Adan Salazar
Infowars.com
August 14, 2012
“Check in with your face” is the motto a U.S. marketing company is using to preface its new face scan deal-linking technology.

Redpepper, out of Nashville, TN, has developed technology that says it will save you money, however, the methods engaged are much more intrusive than your standard grocery store coupon.
The process starts when a “Facedeals” camera, mounted at a venue’s front door, scans and matches your face’s likeness to your Facebook profile, generating customized deals for your area according to your “likes.”
According to Redpepper, “The Facedeals app must be authorized via your Facebook account. With your help, the app verifies your most recent photo tags, using those to map the physical appearance of your face. Our custom-developed cameras then simply use this existing data to identify you in the real world. Personalized deals can now be delivered to your smartphone from all participating locations—all you have to do is show your face.”
Facial recognition is nothing new to Facebook. In June of 2011, they began receiving flak for not telling users they had begun implementing the “tag suggestions” system, which recognized people in uploaded photos.
This new brand of facial recognition technology is reminiscent of the film adaptation of Philip K. Dick’s Minority Report. In the film, an entire population walks throughout shopping centers while dozens of cameras use eye retina or iris scan technology to customize advertisements, even referring to shoppers by name.
Recently, we are seeing a growing advertising trend towards implementing biometric technologies.
In 2010, it was announced that IBM would begin using RFID technology to target consumers. According to the London Telegraph, IBM claimed the technology would “prevent consumers from being subjected to a barrage of irritating advertising because they will only be shown adverts for products that are relevant to them.”

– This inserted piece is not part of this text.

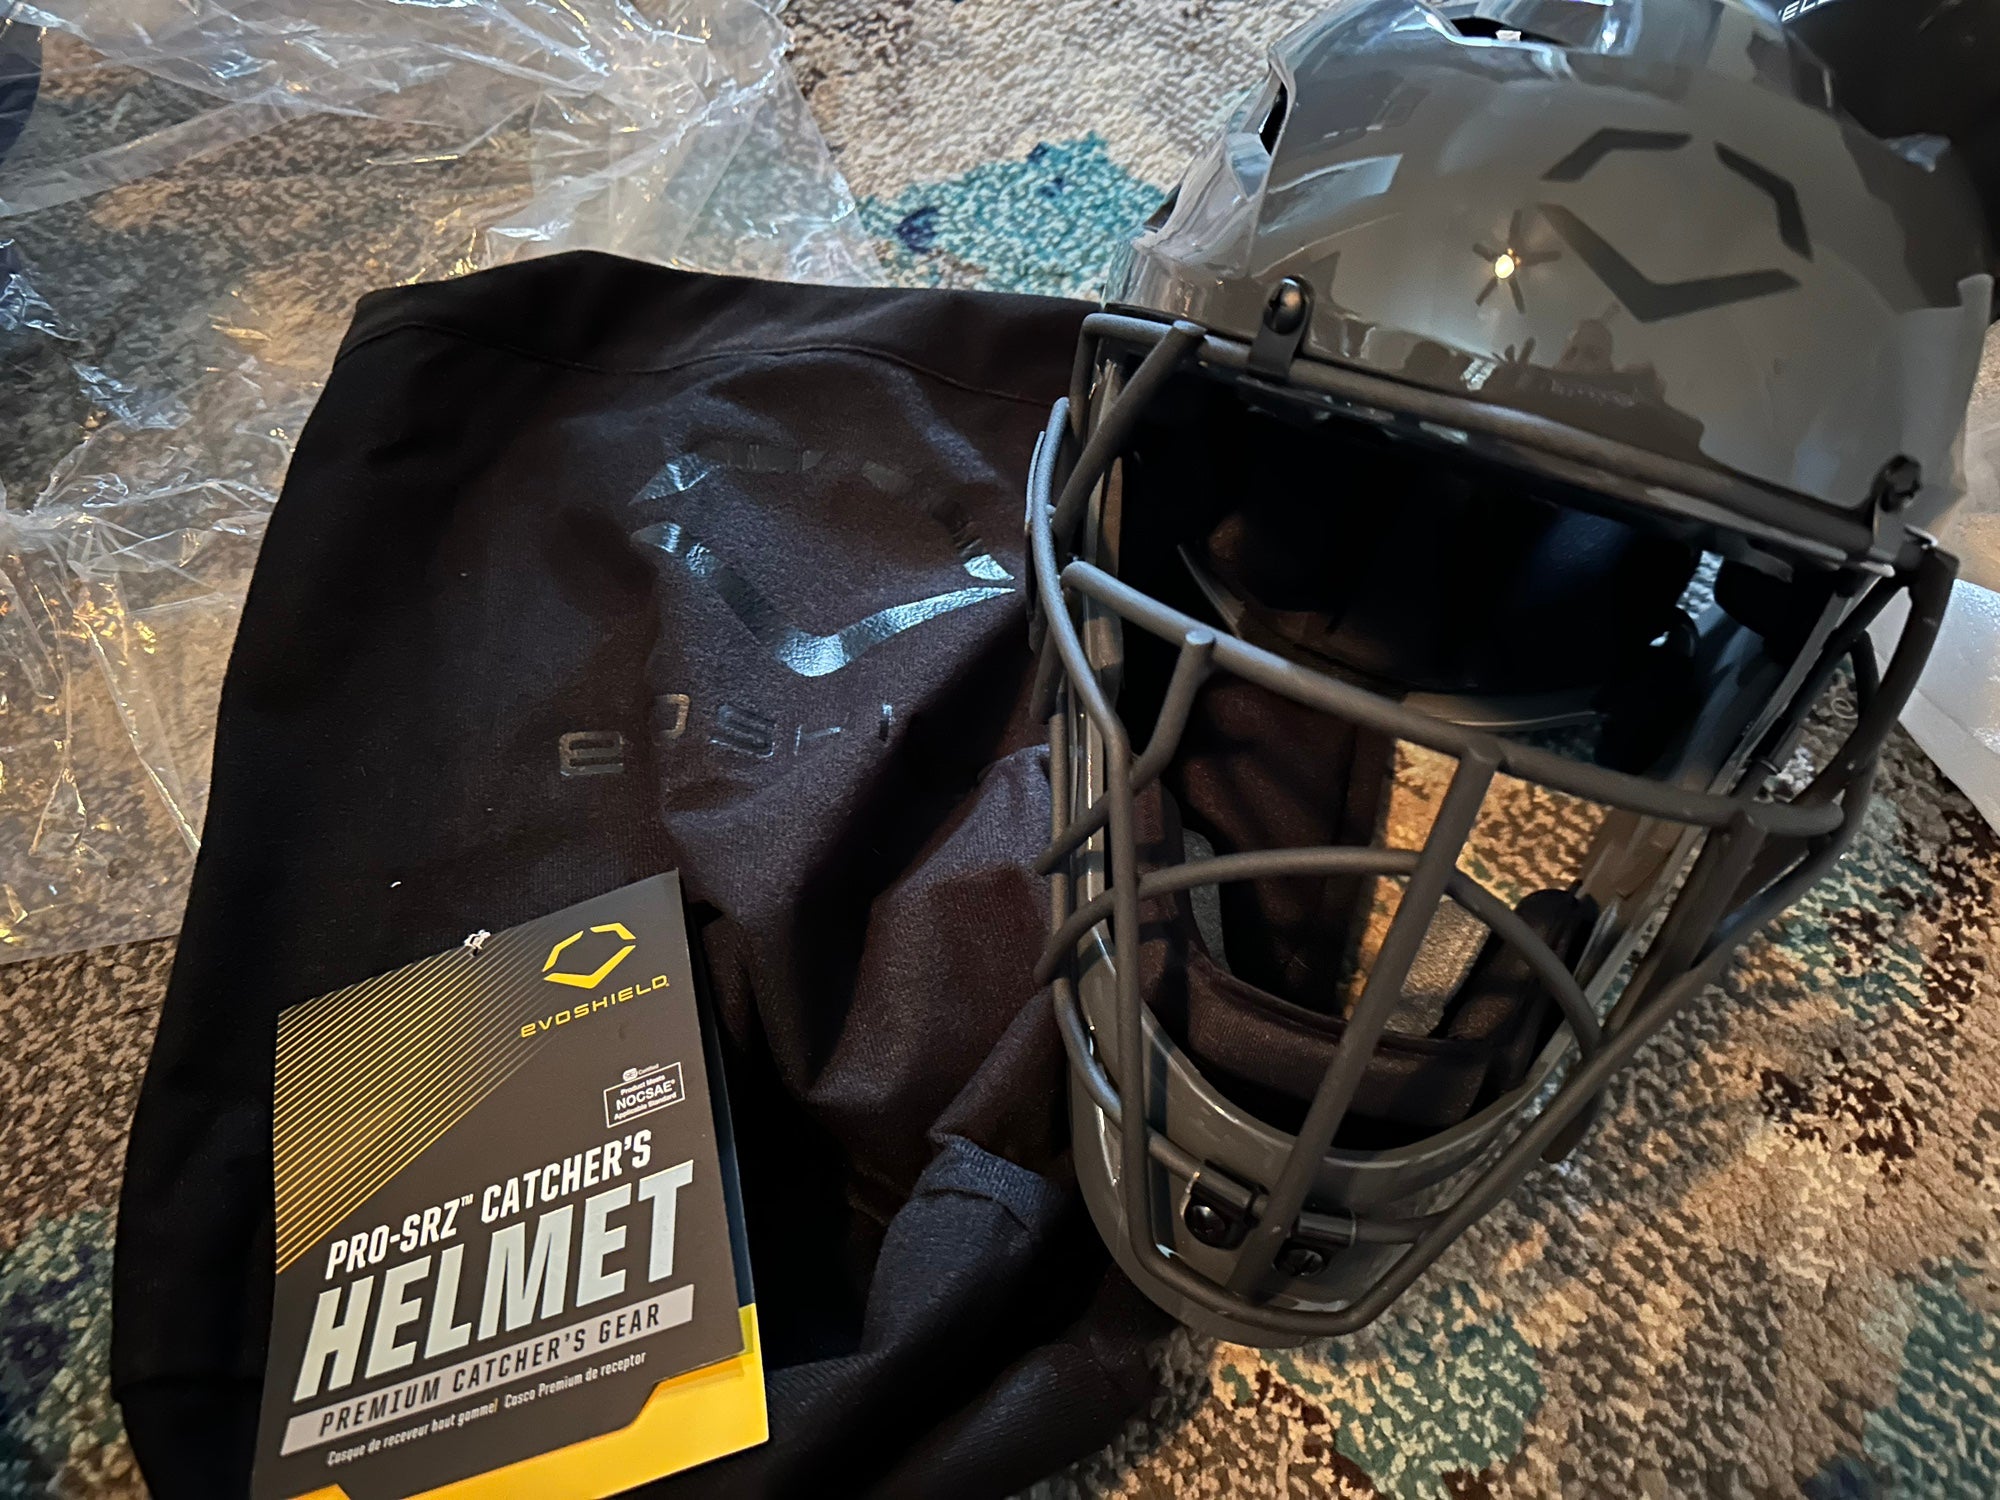  EvoShield Pro-Srz™ Catcher's Helmet - Black, Small

A scientist at IBM’s innovation laboratories noted the obvious similarities to the Minority Report film: “In the film, the billboards rely on scanning the person’s eyeball, but we are using RFID technology that people are carrying around with them, so they can have a tailor made message.”
Back in February, we reported on high-definition face-scanning cameras that were installed at bus stops in London in order to customize gender-specific ads by analyzing and gender-guessing according to “specific facial attributes of the jawline, cheekbones, nose and eyes.”
Last year, we reported on full body scanners being rolled out in terminals at London’s Heathrow Airport. Later we learned that body scan images were subject to being stored and shared digitially.
Last week, we reported on a deal between the city of New York and Microsoft to begin implementing the new “Domain Awareness System,” a super surveillance database which will use 3,000 CCTV cameras around the city to cross-check citizens in criminal and terrorist databases.
Also, yesterday we reported a Wikileaks data-dump revealing the government’s Trapwire system, a high-tech surveillance grid that takes video from surveillance cameras located in stores, casinos, and other businesses and uses facial recognition technology to identify people of interest.
Although most will say the new Facedeals technology is harmless, it sets a precedent that other companies are sure to follow. Soon governments and businesses alike will know exactly where everyone is at all times.